About this exercise = In the entries that follow, find the line containing "Low poly foxes STL 3D print files" and the line containing "HP Envy 17T- Choo (23S92AV) Silver", then retype exactly the lines from the first through the second, pictures excluded.

(Information shown Opens)

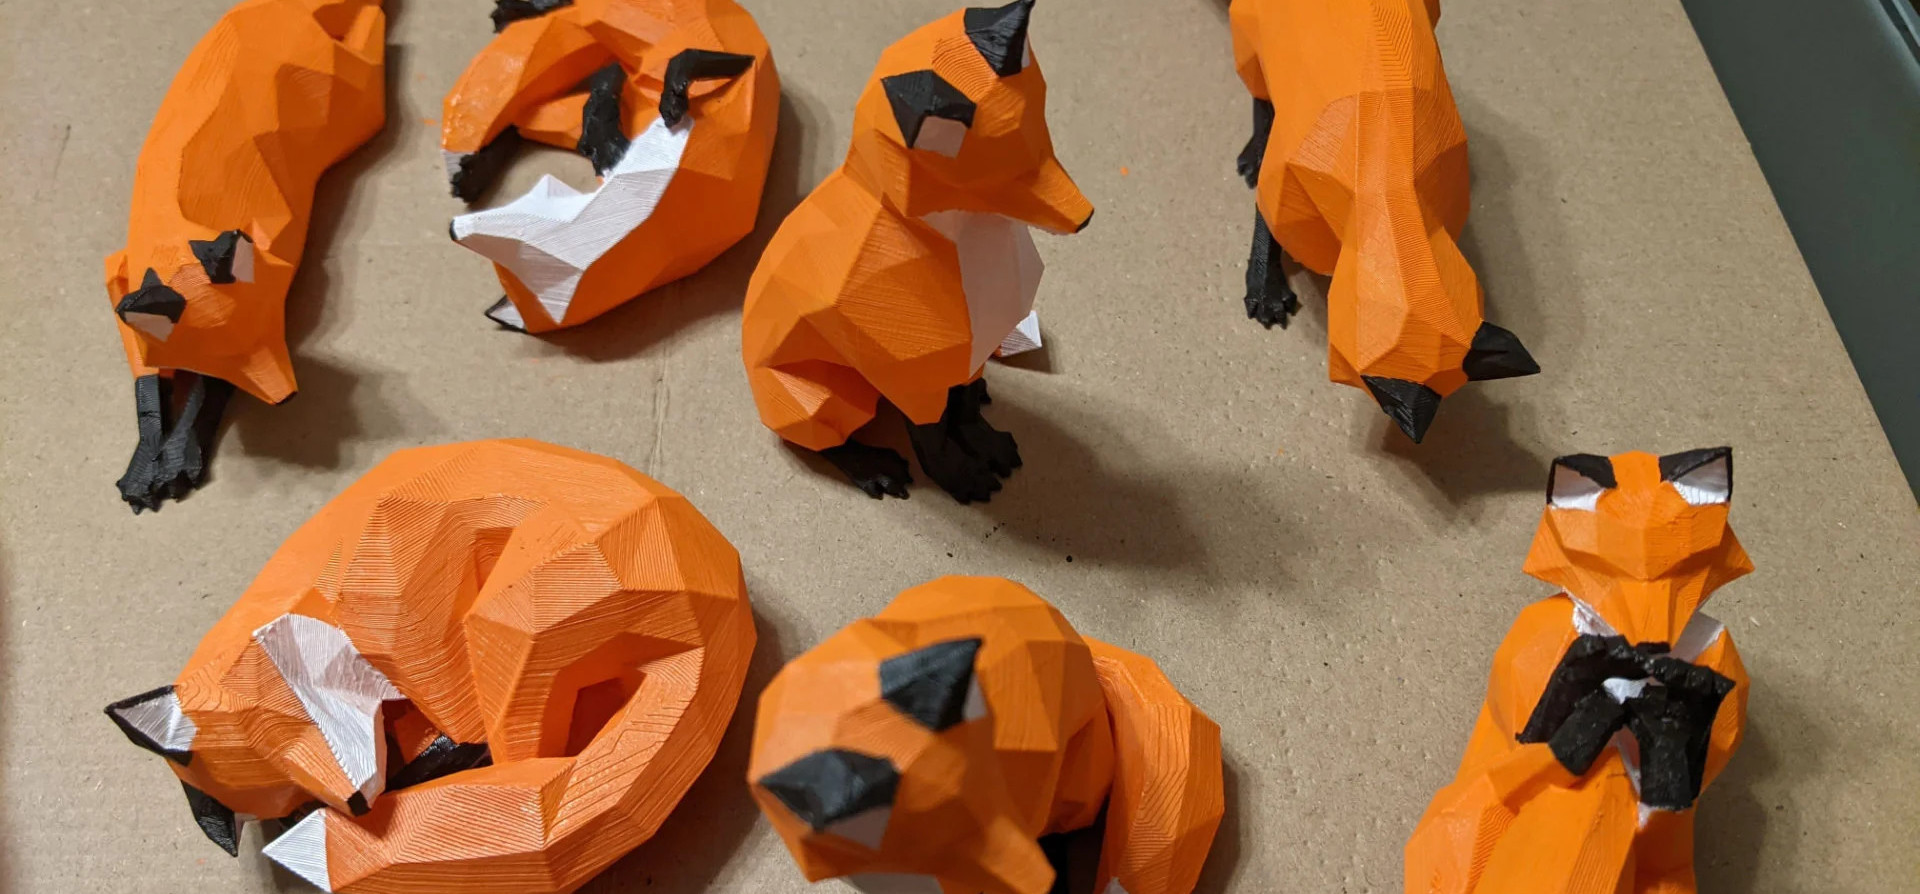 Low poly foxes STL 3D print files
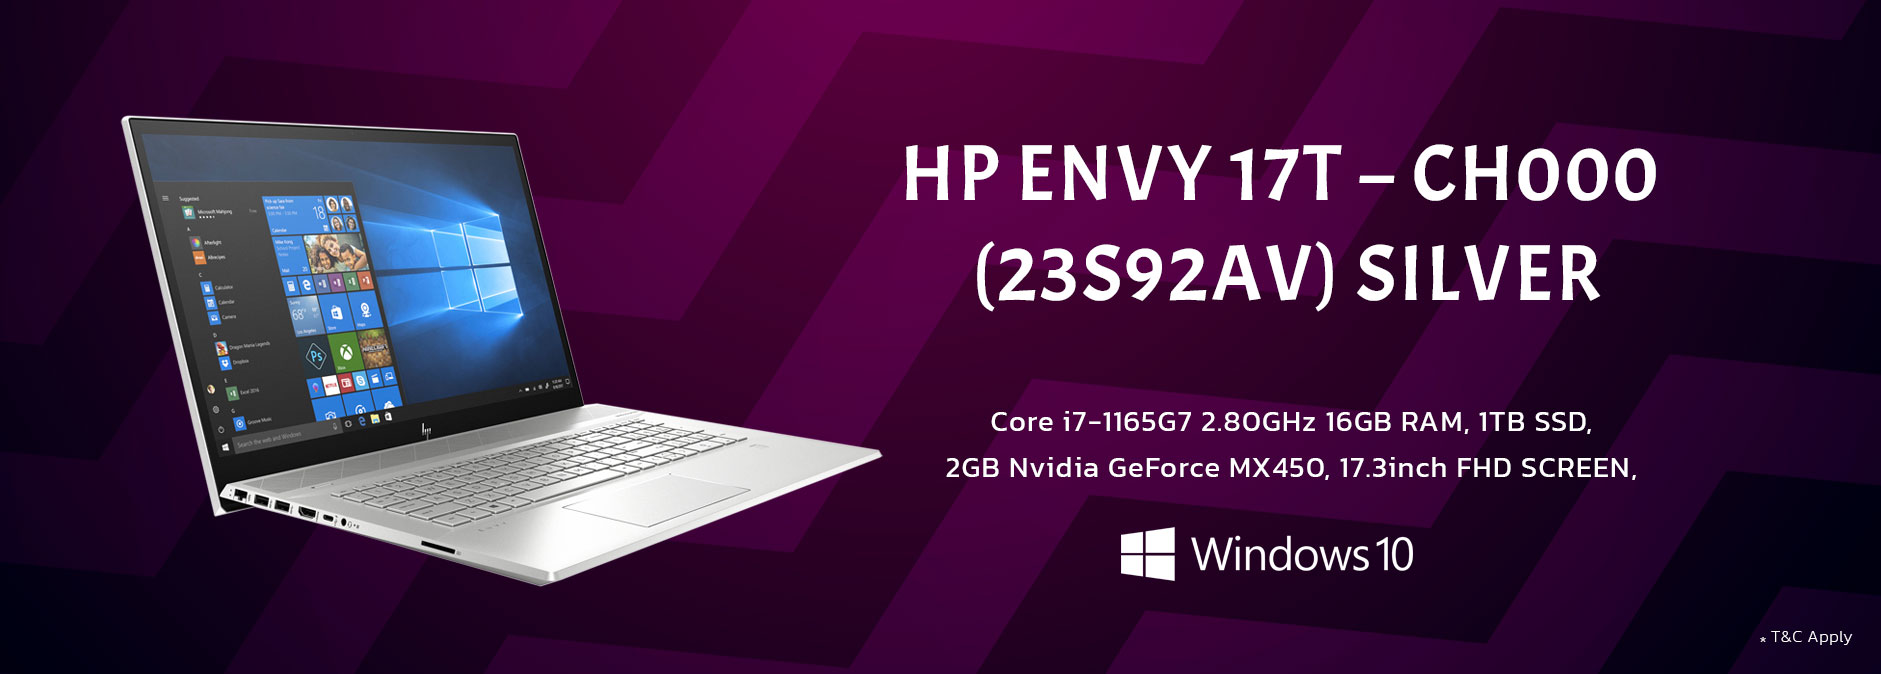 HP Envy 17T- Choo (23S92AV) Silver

(Information shown Closes)
(Information shown Opens)

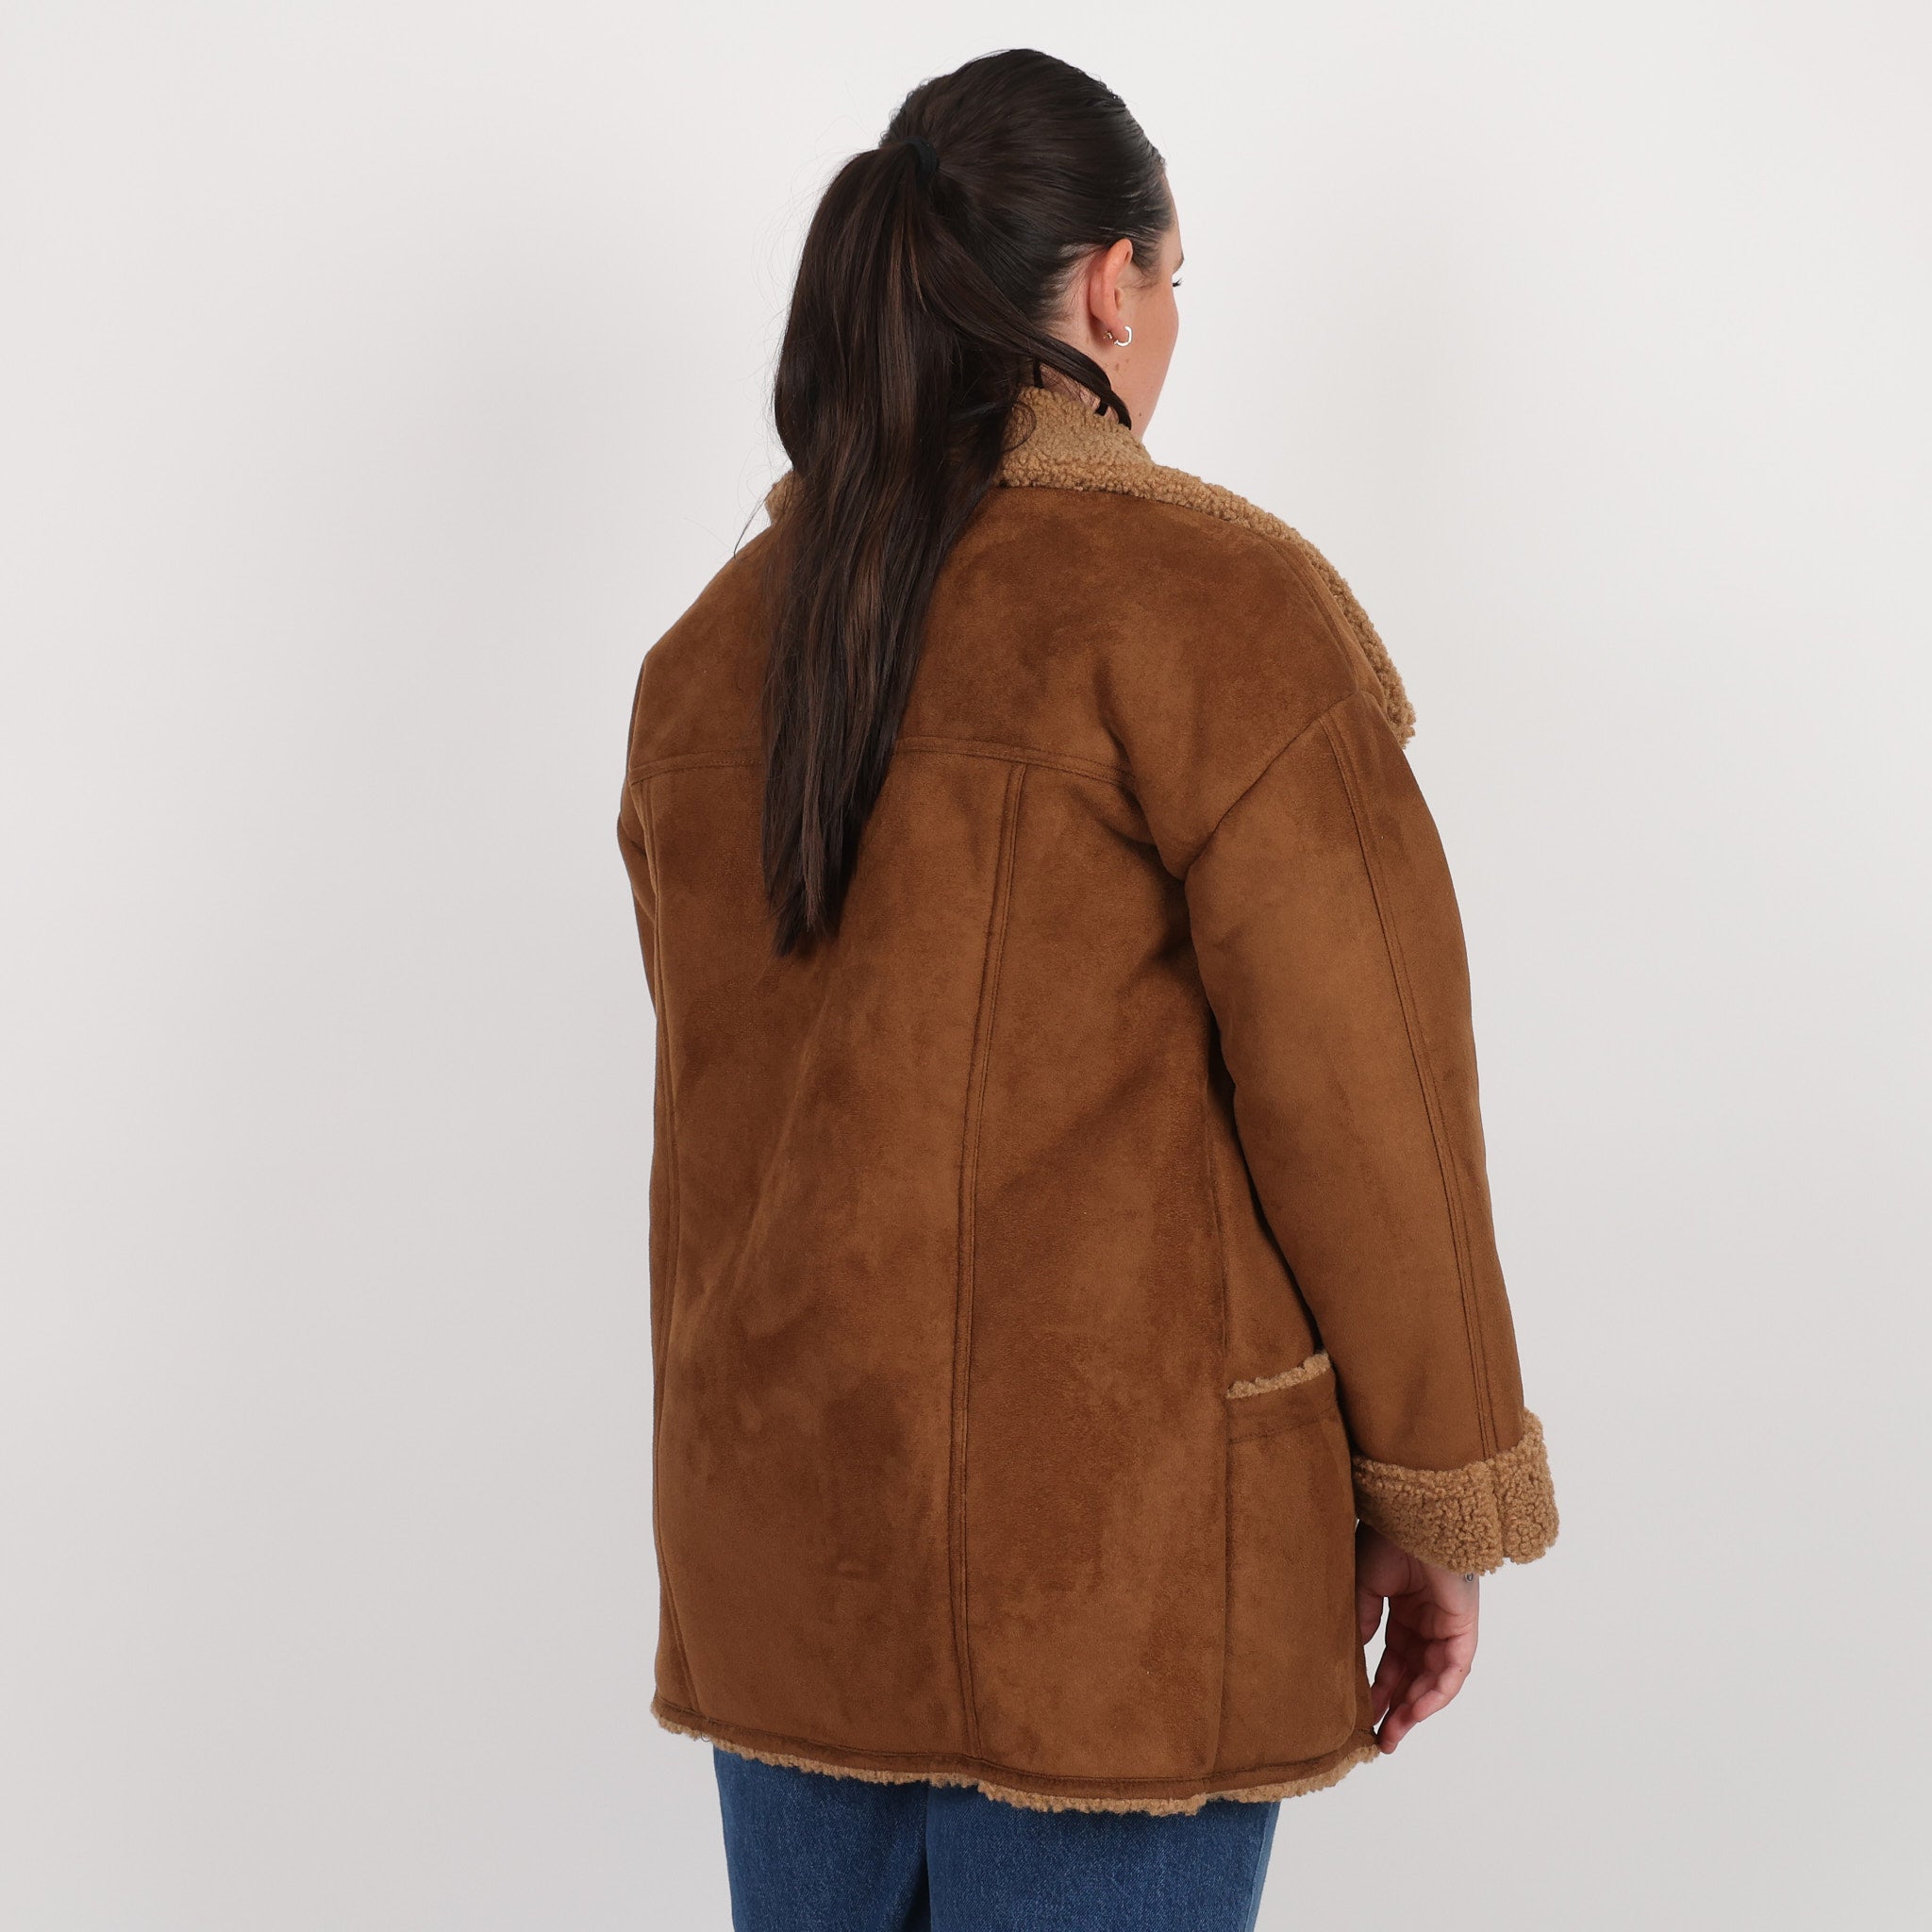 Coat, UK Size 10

(Information shown Closes)
(Information shown Opens)

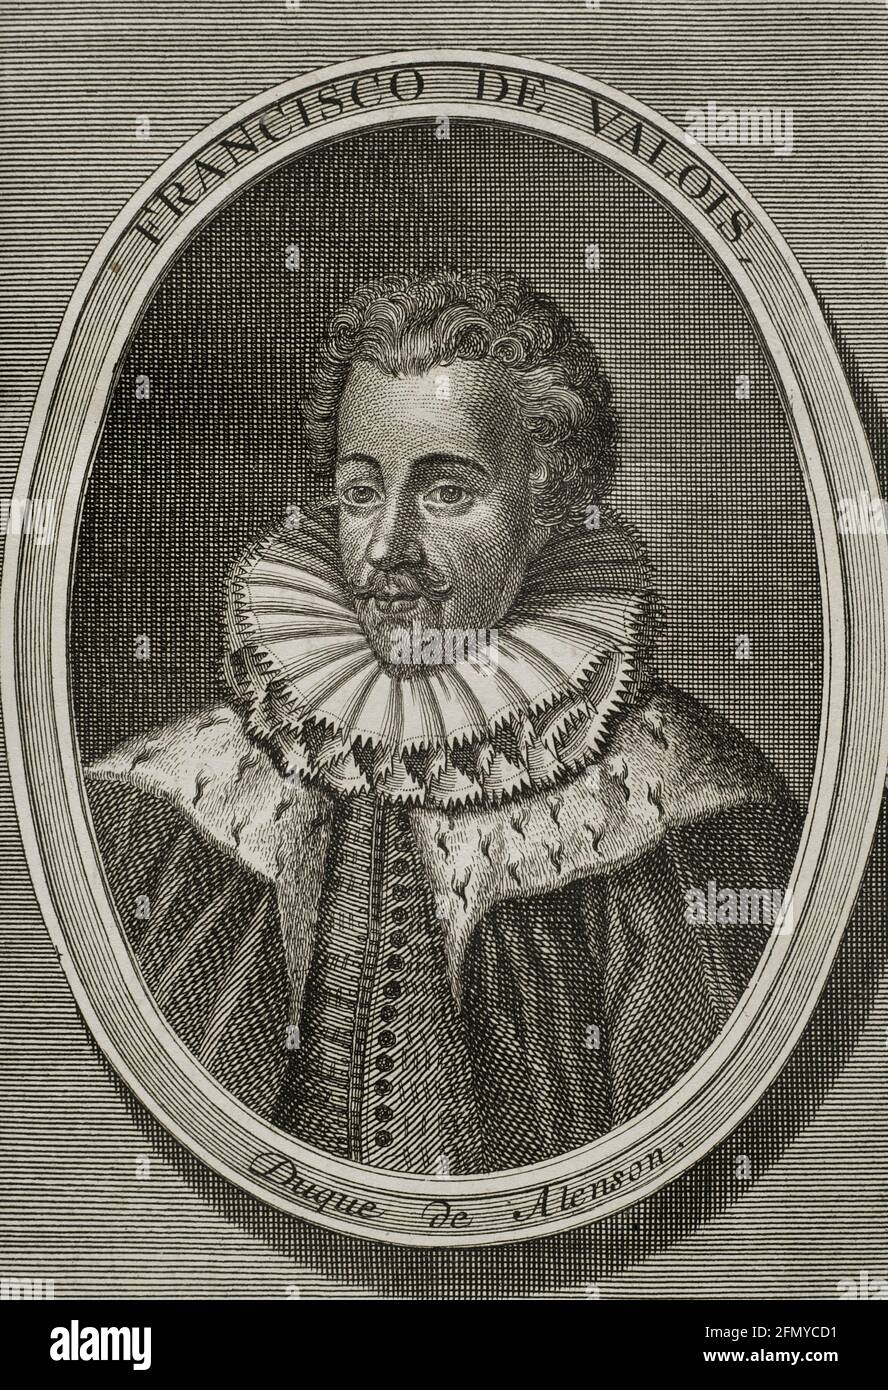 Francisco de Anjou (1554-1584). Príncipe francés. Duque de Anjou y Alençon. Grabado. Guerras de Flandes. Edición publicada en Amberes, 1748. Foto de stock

(Information shown Closes)

Written answer =
 Low poly foxes STL 3D print files
 HP Envy 17T- Choo (23S92AV) Silver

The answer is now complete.